Sakuta sent the book back.
Rio took a bite of squid, unconcerned.
“Light is the key. Light strikes objects, and the light reflecting off them enters our eyes, allowing us to perceive colors and shapes. In darkness, without light, we can’t see a thing.”
“Reflections…”
“If that isn’t making sense, think of sound instead. Like how dolphins communicate with sound waves.”
“You mean…how they measure distance by judging how sound waves reflect off things?”
“Yes. They can even tell the shape of objects. Just like a ship’s sonar. It can be hard to picture with light because we’re only really conscious of light hitting our eyes when it’s really bright.”
“Huh.”
“But glass is translucent and doesn’t reflect light, so it’s harder to see.”
“Ohhh, yeah. That’s true.”
Did that mean light wasn’t reaching Mai for some reason? For a movie star on hiatus, that phrasing just sounded spiteful.

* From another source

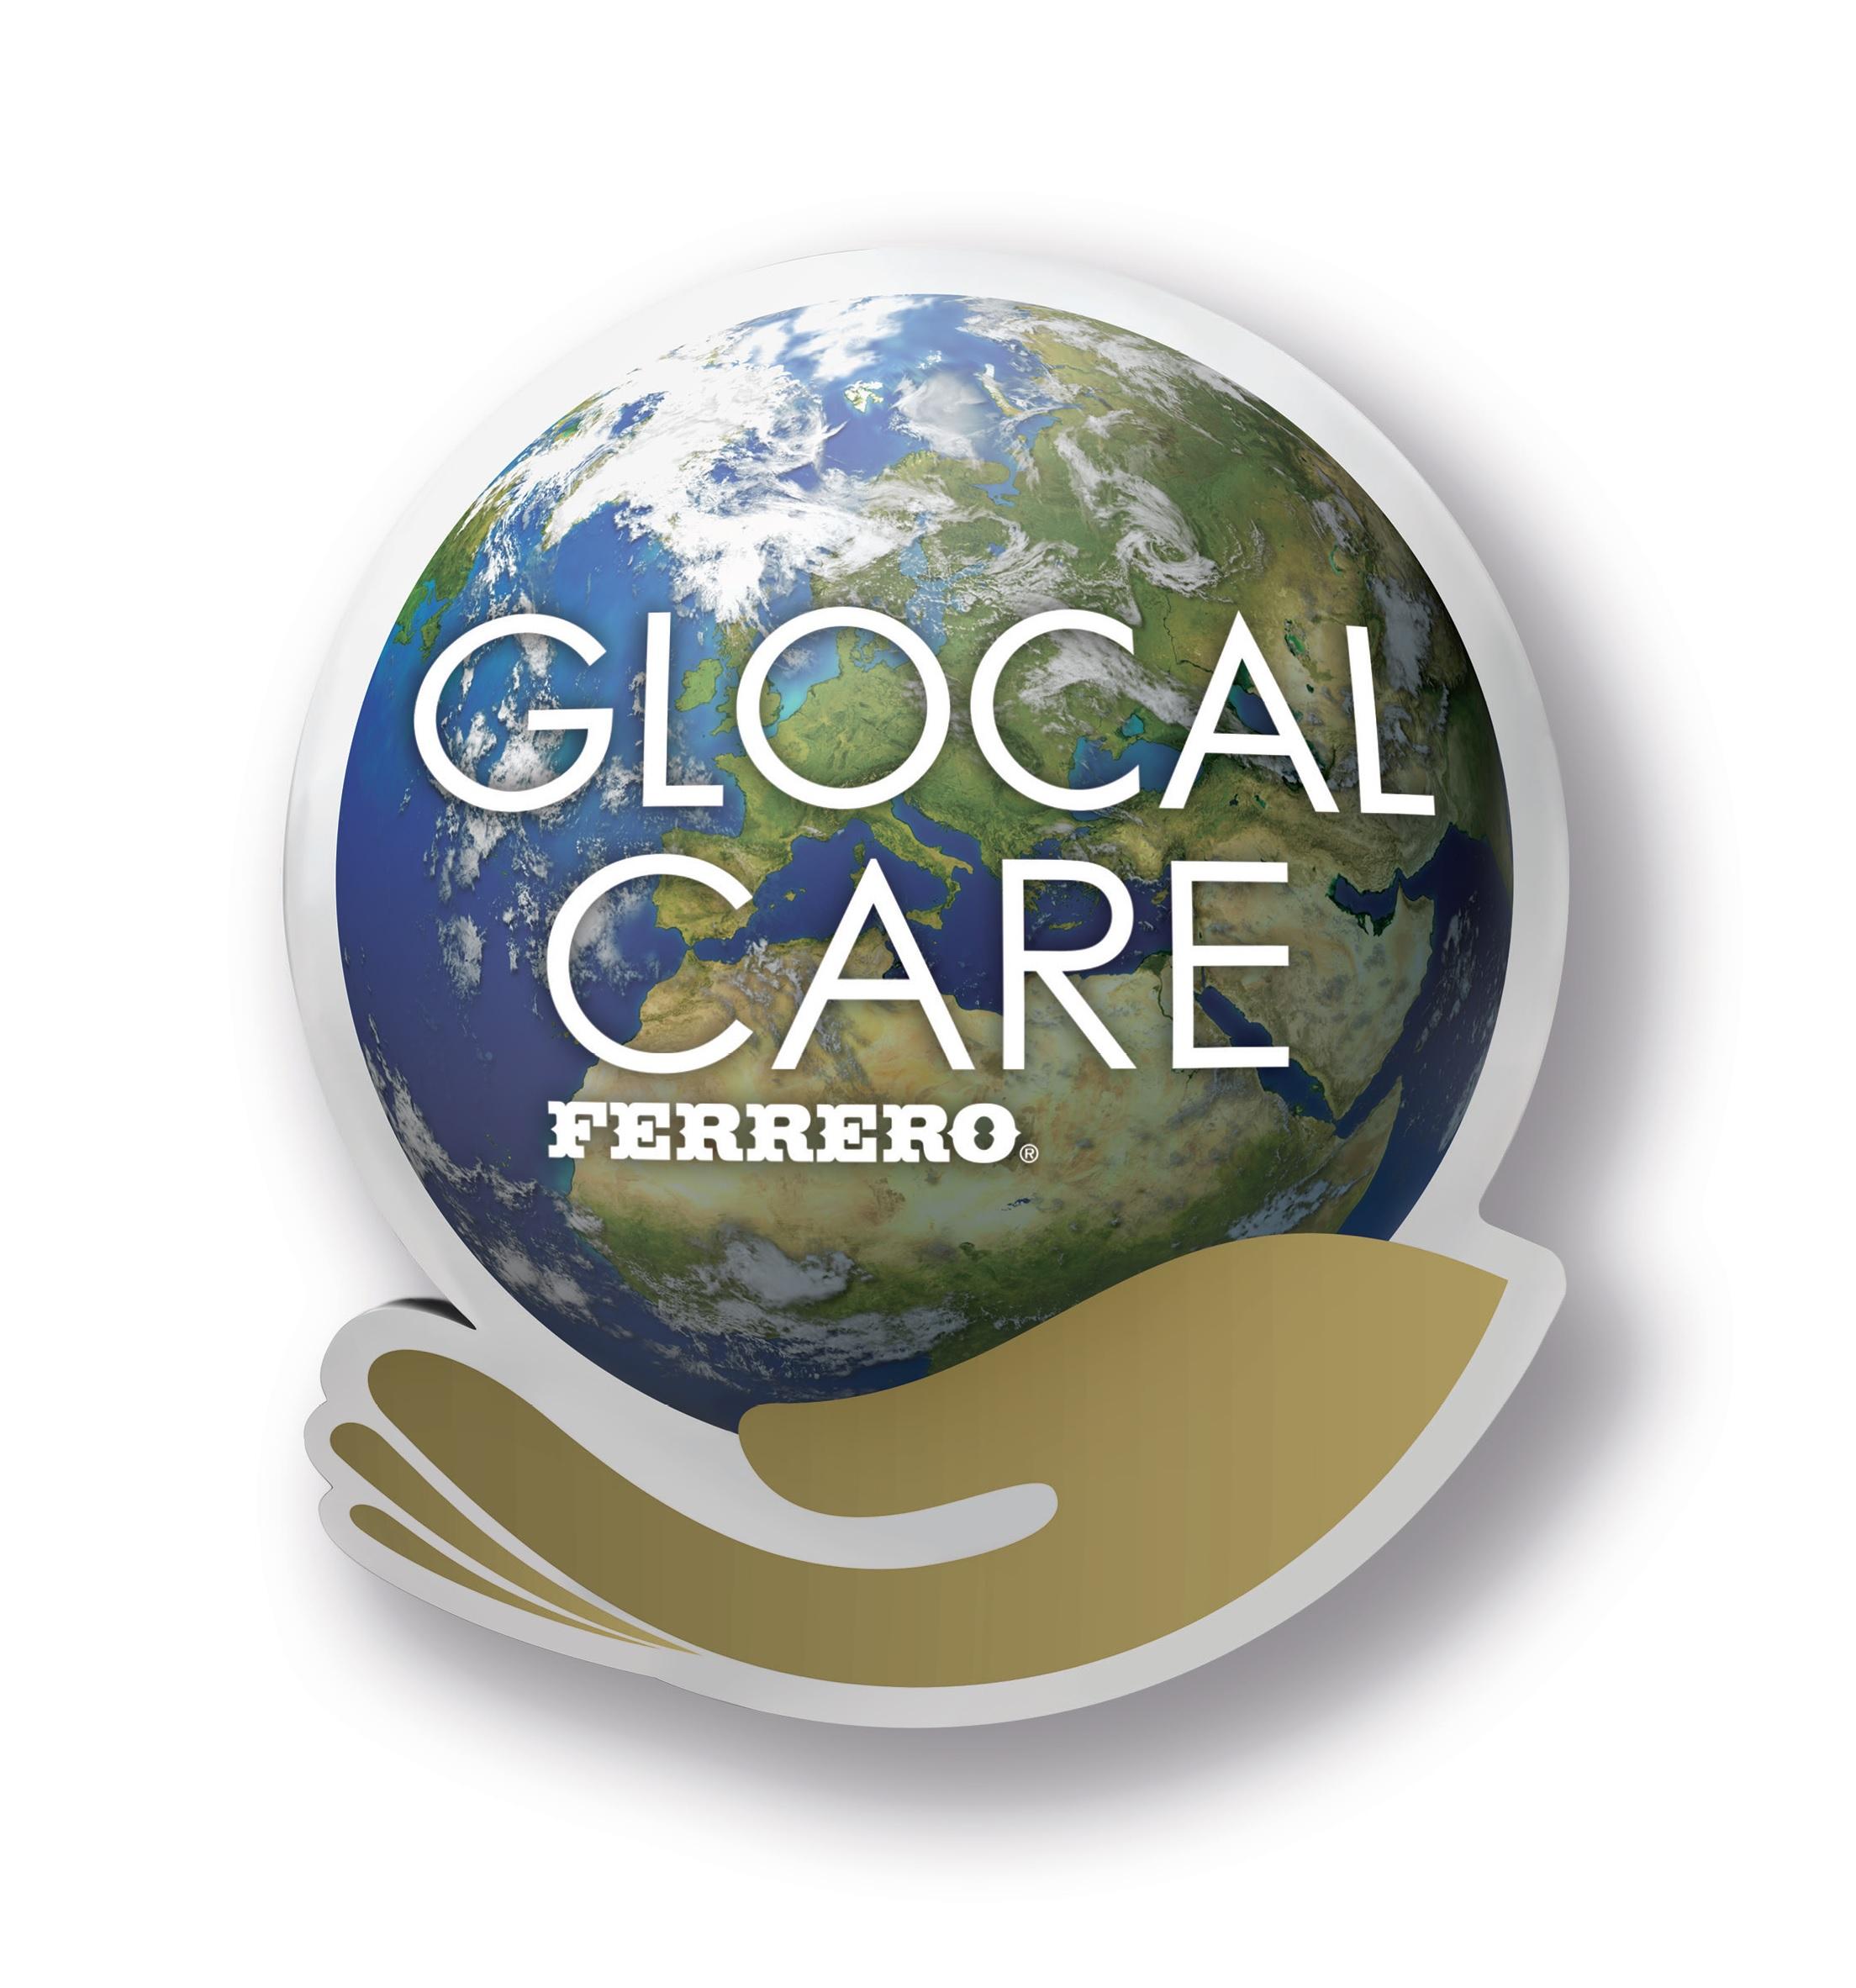 Glocal_Care.jpg

Sakuta wondered if he should consider the idea that, like colorless, translucent glass, Mai’s body wasn’t reflecting light. Sadly, even if that were the case, it still left a lot of things unexplained.
Like people not hearing her voice. Or how some could see her while others couldn’t. Her situation seemed much more complicated.
“Well, I think that helped.”
“Really?” Rio asked, deeply suspicious.
“Futaba, you think I’m an idiot, right?”
“No.”
“Then you think I’m a mega idiot?”
“You know exactly what I’m trying to say, but you waste time asking anyway. It’s obnoxious.”
“So harsh.”
“I think you can take a hint, but you’re obnoxious enough to pretend you can’t.”
“Okay, I’m sorry! Please, no more barbs!”
“The way you wriggle out of it like that is even worse.”